Dr Fusako Innami, an Associate Professor at the School of Modern Languages and Cultures at Durham University, has received a Fulbright Award to enable her to research at the University of California (Berkeley) on one of the most well-regarded and impactful scholarship programmes in the world.

Dr Fusako Innami is an Associate Professor in Japanese and Performance Studies at Durham University, and author of Touching the Unreachable: Writing, Skinship, Modern Japan (Michigan, 2021). She lives according to an ethos of intercultural understanding, knowledge exchange, and community building through arts and cultures with her embodied experience in Japan, Italy, the US, and the UK. Since her childhood study of classical ballet and music, she has reflected on what it means to integrate gestures, movements, and rhythms migrating from different continents to enter her body.  

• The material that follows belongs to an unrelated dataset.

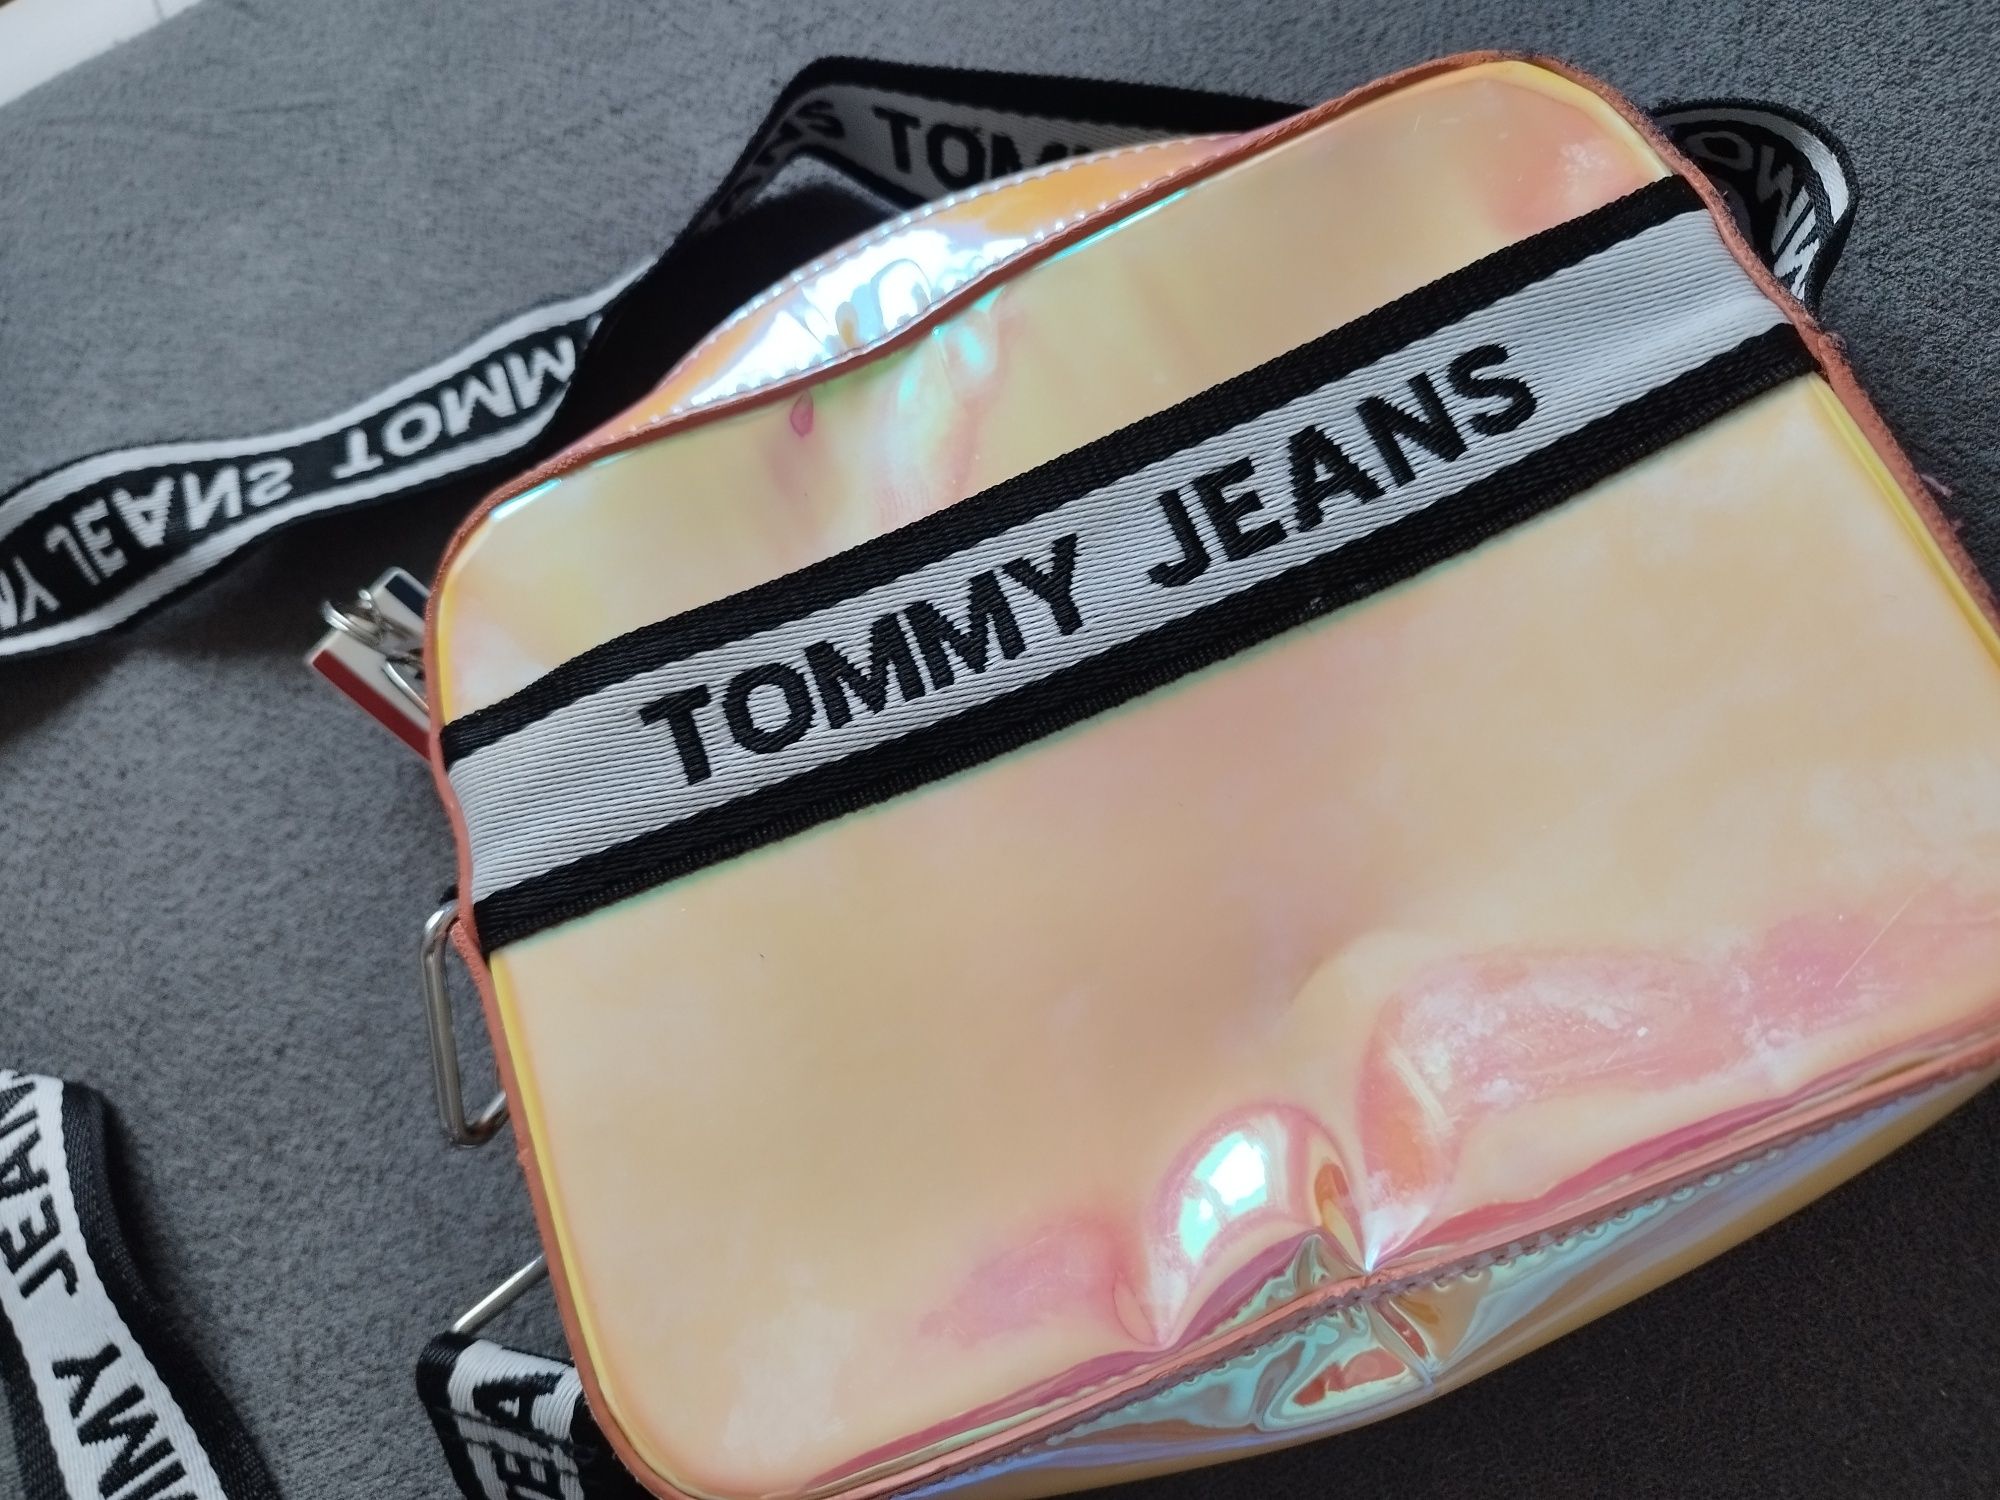 Tommy jeans neonowa torebka damska

Dr Innami has been selected from a strong applicant pool to complete her Fulbright project, entitled Gestural Writing: Performance, Topography, Trace. This project concerns performance which by its very nature disappears. How do we recollect live performances that are not available in recordings, but only remain in the form of reviews, scores, pictures, or digitized archives? Her project gathers traces of dancers’ transcultural movements, contacts, and memoirs. Based in the Department of Theater, Dance, and Performance Studies at UC Berkeley, she will explore new methods of reconstructing past performances.